Women football players are calling for heading limits in training and during matches after research finds female players are twice as likely to suffer from concussion.
The research was conducted by Censuswide, on behalf of the Drake Foundation and looked into the attitudes of recreational players following the revelations over football's link with neurodegenerative diseases and rugby players taking legal action over their dementia diagnoses.
Parliamentary evidence from Dr Willie Stewart, who unearthed that footballers were three and a half times more likely to die of a brain disease, told MPs that women were at double the risk of suffering from concussion through sport.
The survey found that an overwhelming 84 per cent of women players want to see The FA introduce heading limits in training and a further 72 per cent want to see restrictions introduced to matches as well. Additionally, the survey uncovered that 68 per cent of men wanted to see heading limits within training, however, only 44 per cent believed that there should be restrictions in games.
Currently, there are no differences in the rules between men's and women's football.

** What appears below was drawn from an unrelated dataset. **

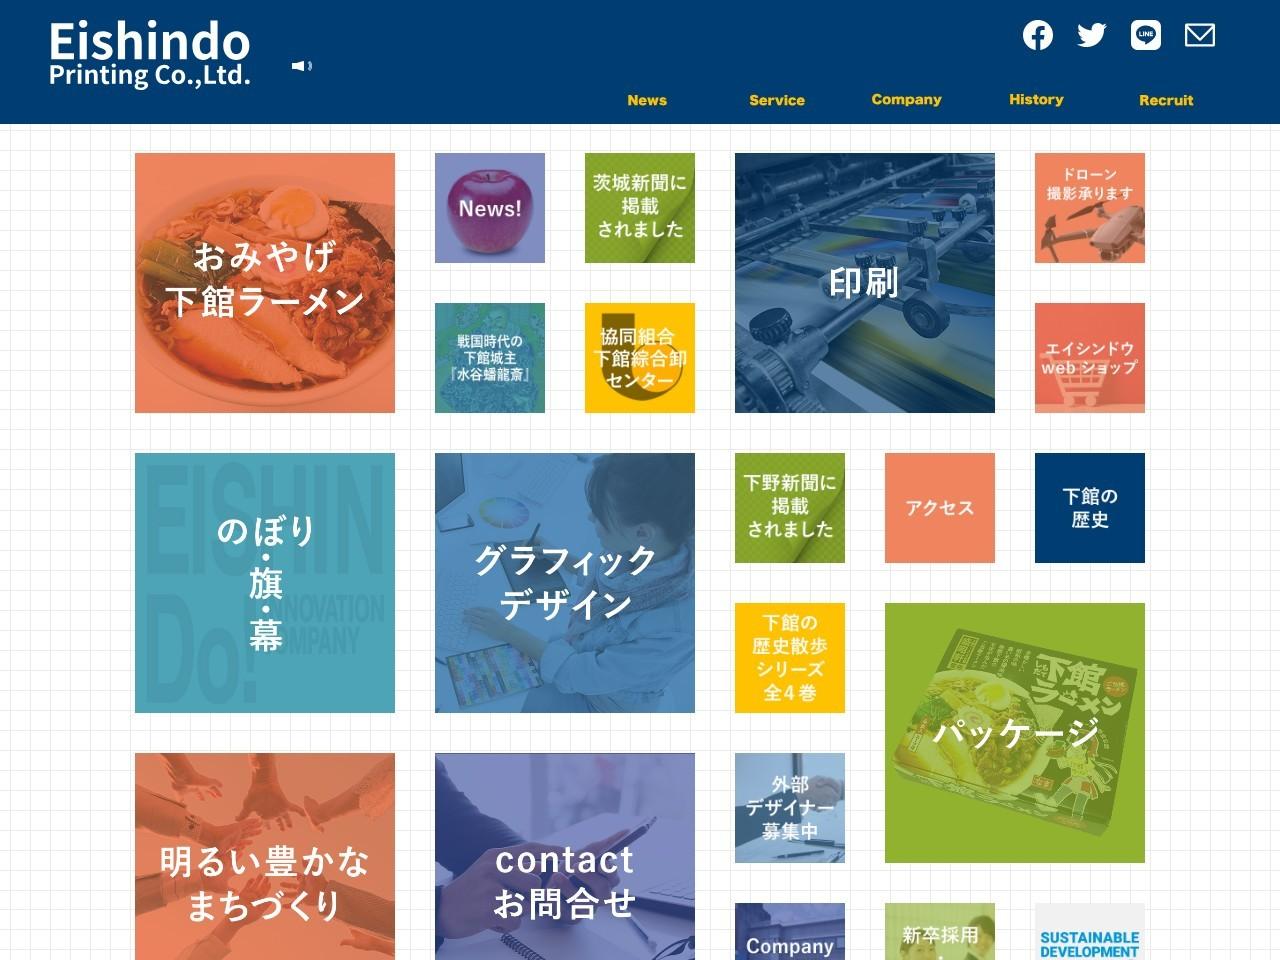 栄進堂印刷株式会社
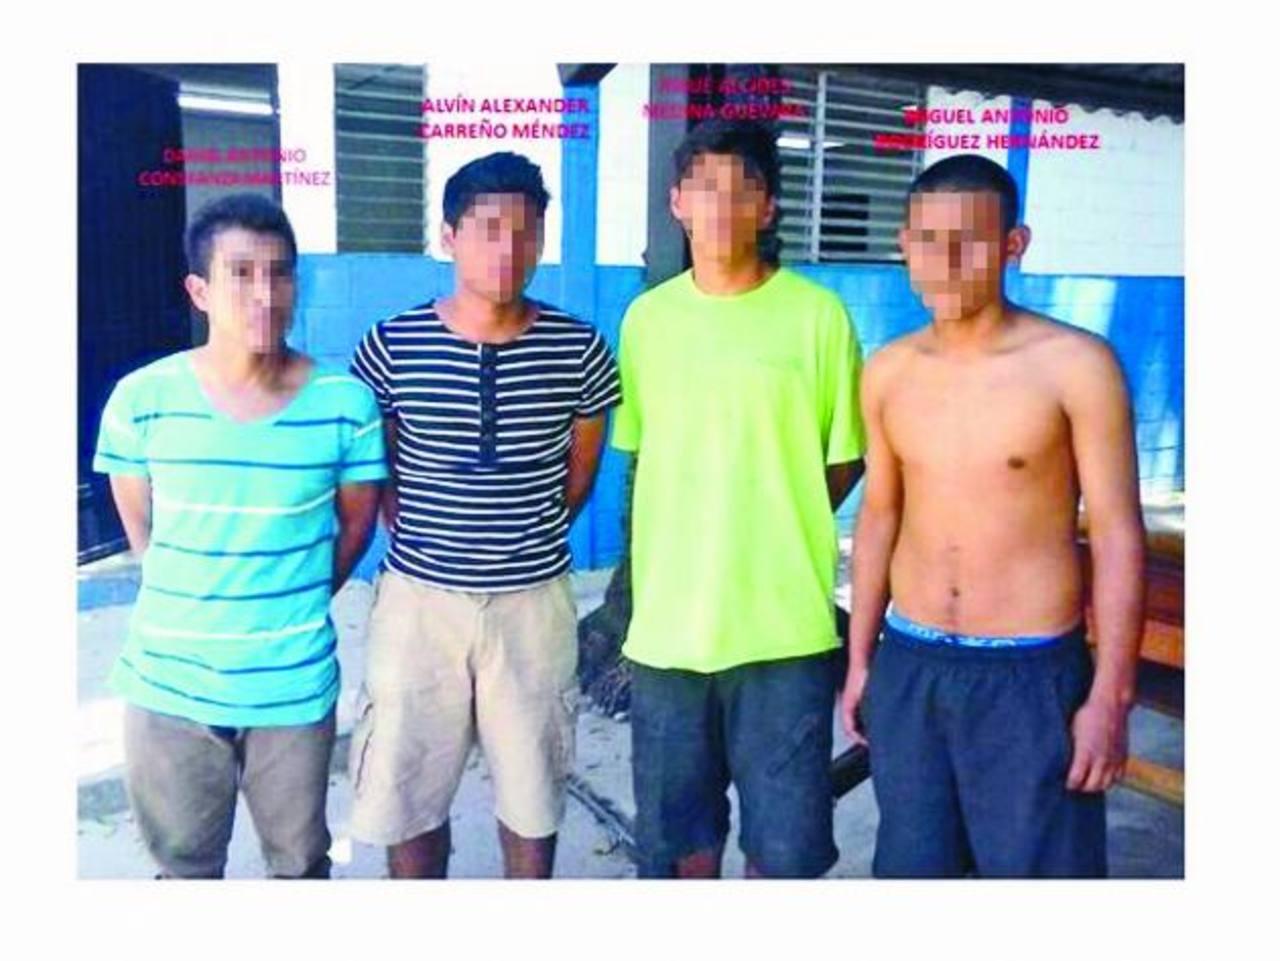 Los cuatro detenidos, supuestos pandilleros de la 18, serán acusados en las próximas horas en un juzgado de Paz.

Perhaps a more disturbing discovery from the research was that 60 per cent of women footballers claimed to have returned to the same match or training session after suffering from a concussion, only highlighted further through research into rugby that showed a quarter of players had continued in a match where they had had a concussion.

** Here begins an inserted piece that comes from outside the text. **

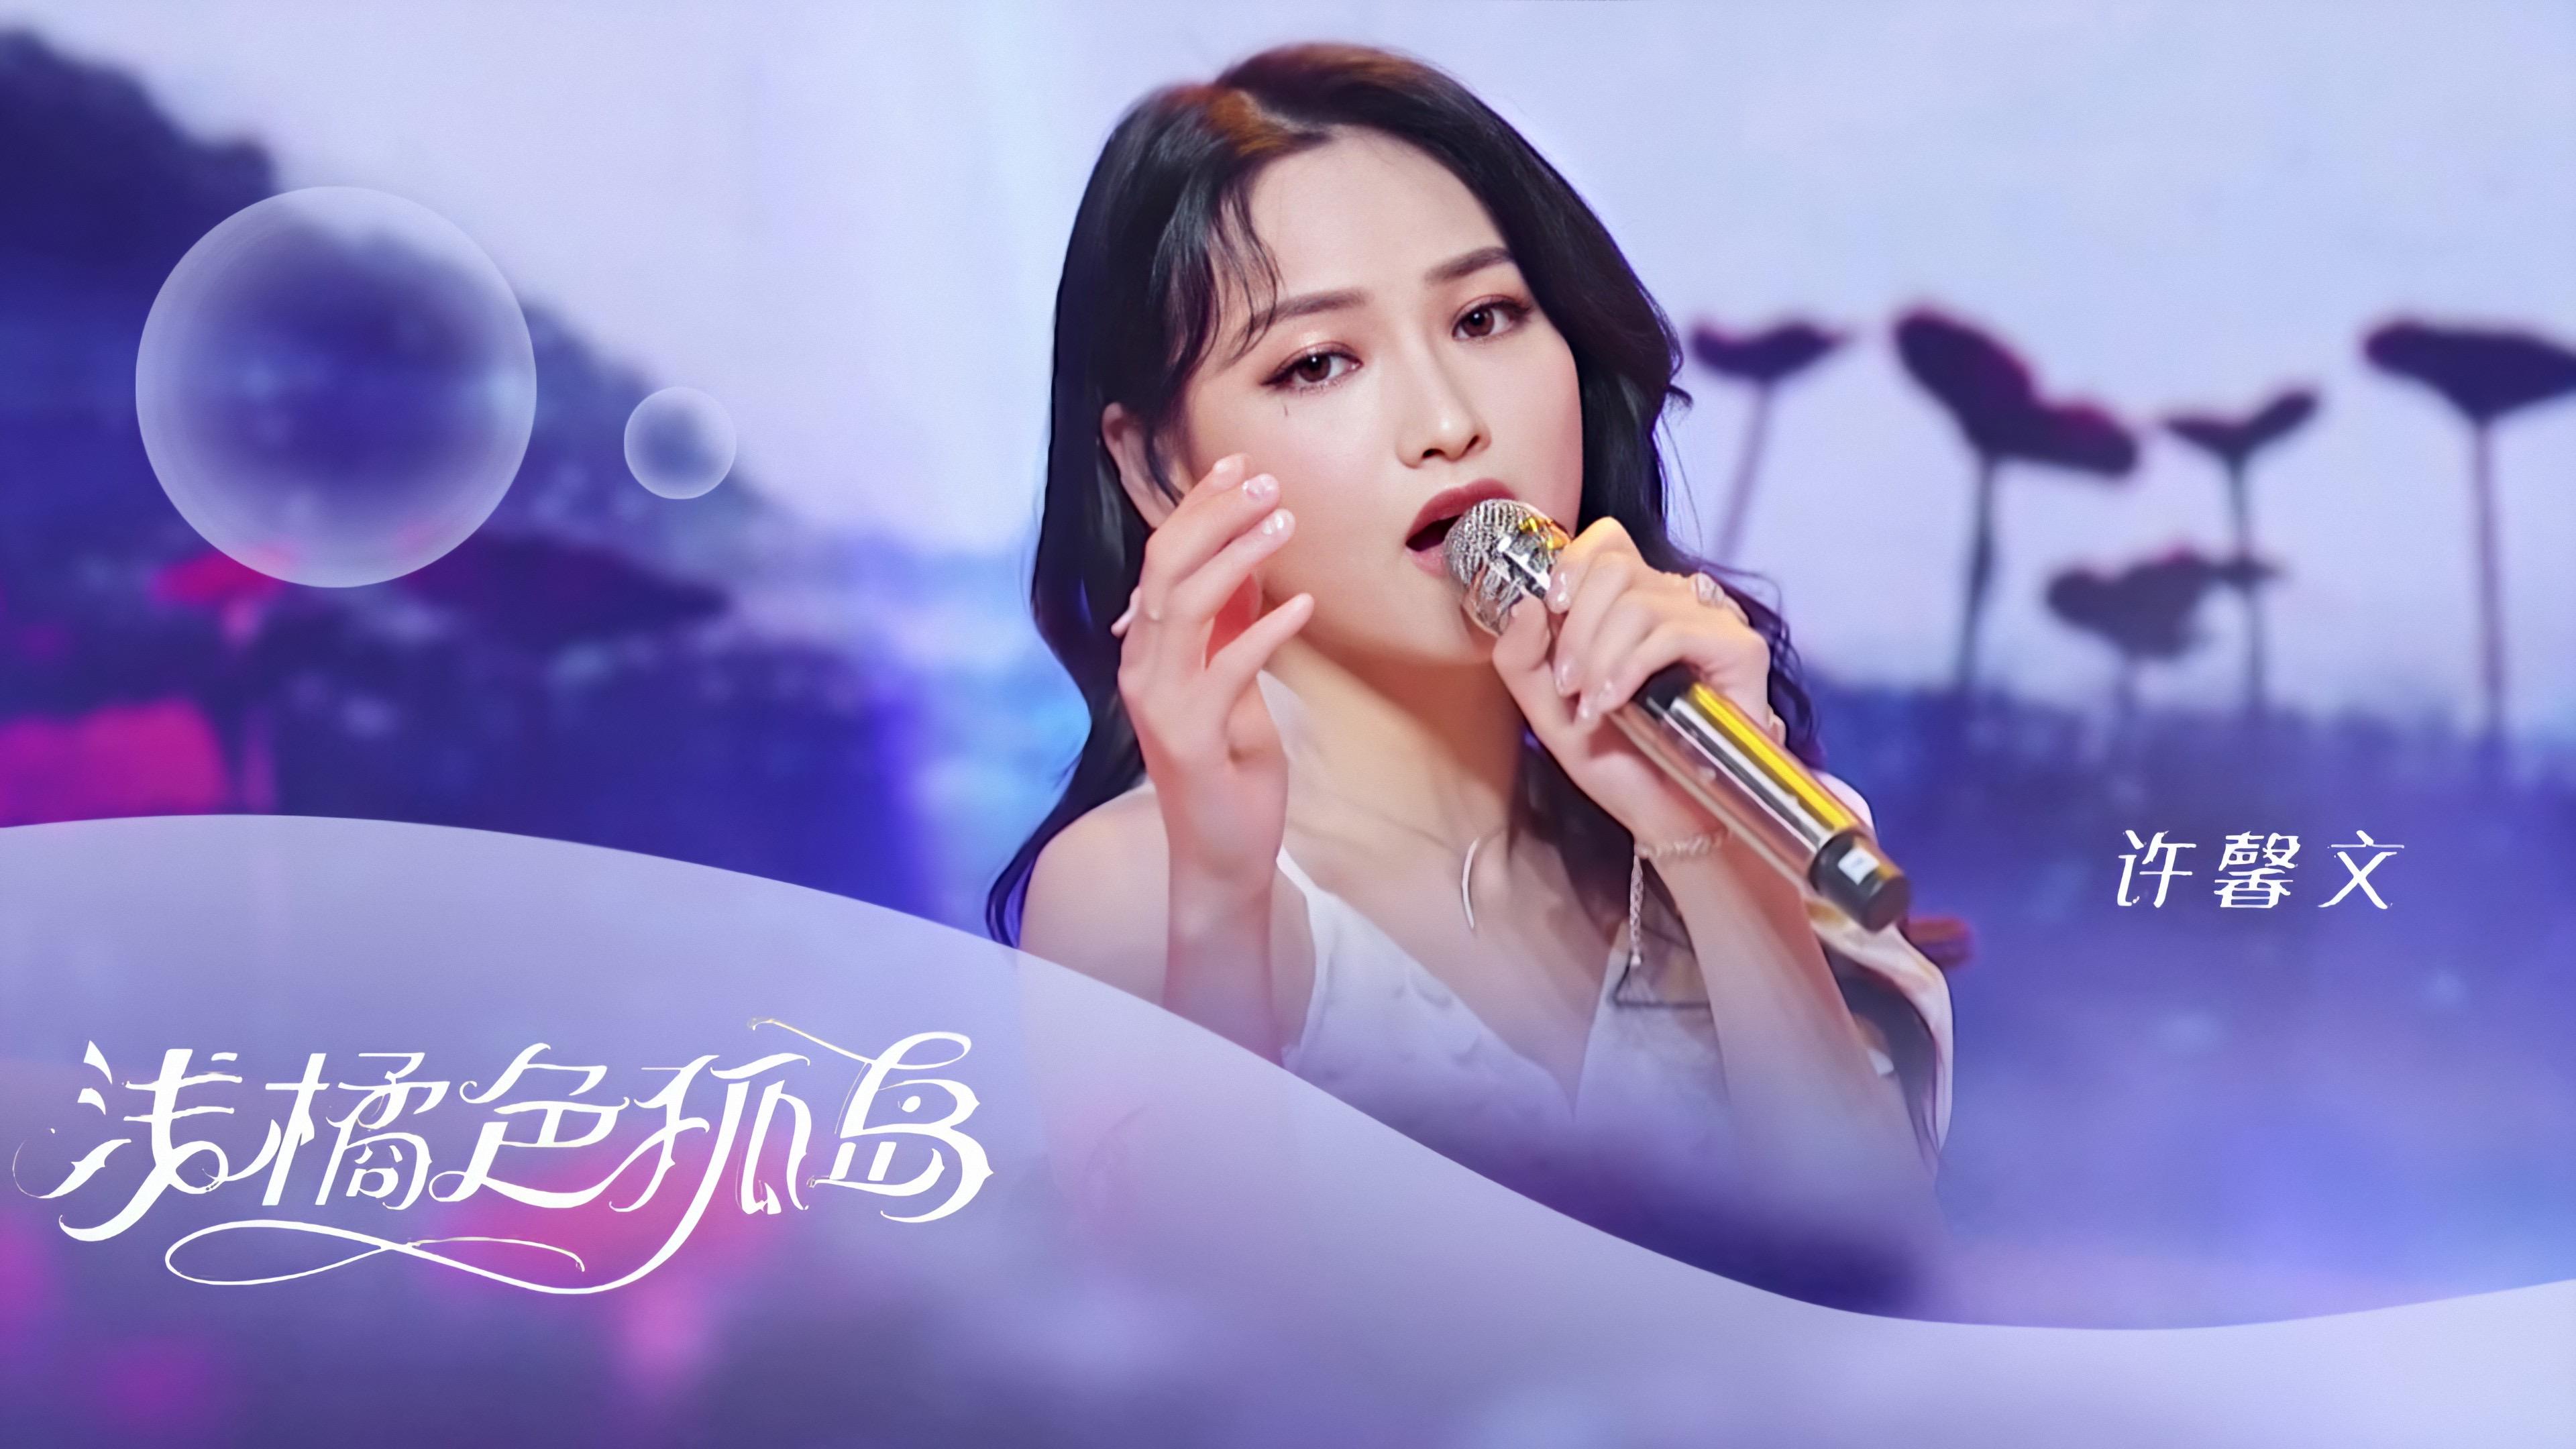 许馨文《青你2》主题考核魅力反转 爵士烟嗓获蔡徐坤好评

Testimonies were featured throughout the survey, with one player revealing that she had been given an early onset dementia diagnosis.
"Currently, I have only divulged this to my family, as I have struggled with the diagnosis," they said. Another claimed: "I rested for six days, but my coach requested that I play as the squad was short of numbers, despite my reluctance and against medical advice that I initially received, I felt pressured by my coach to not let the team down, so I played."
Rachael Burford, founder of the Girls Rugby Club, as well as an England Rugby World Cup winner in 2014, added: "If it’s pretty conclusive that women are twice as likely to get head injuries, why aren’t we doing more specific work for women?
"It makes no sense that despite the increased risk to girls and women, there remains a gap in the medical support provided. What we’ve seen from our survey is that, particularly at grassroots level where there are not always physios available, girls are not following the correct return-to-play protocols, they’re often left to their own devices and are feeling forgotten about.”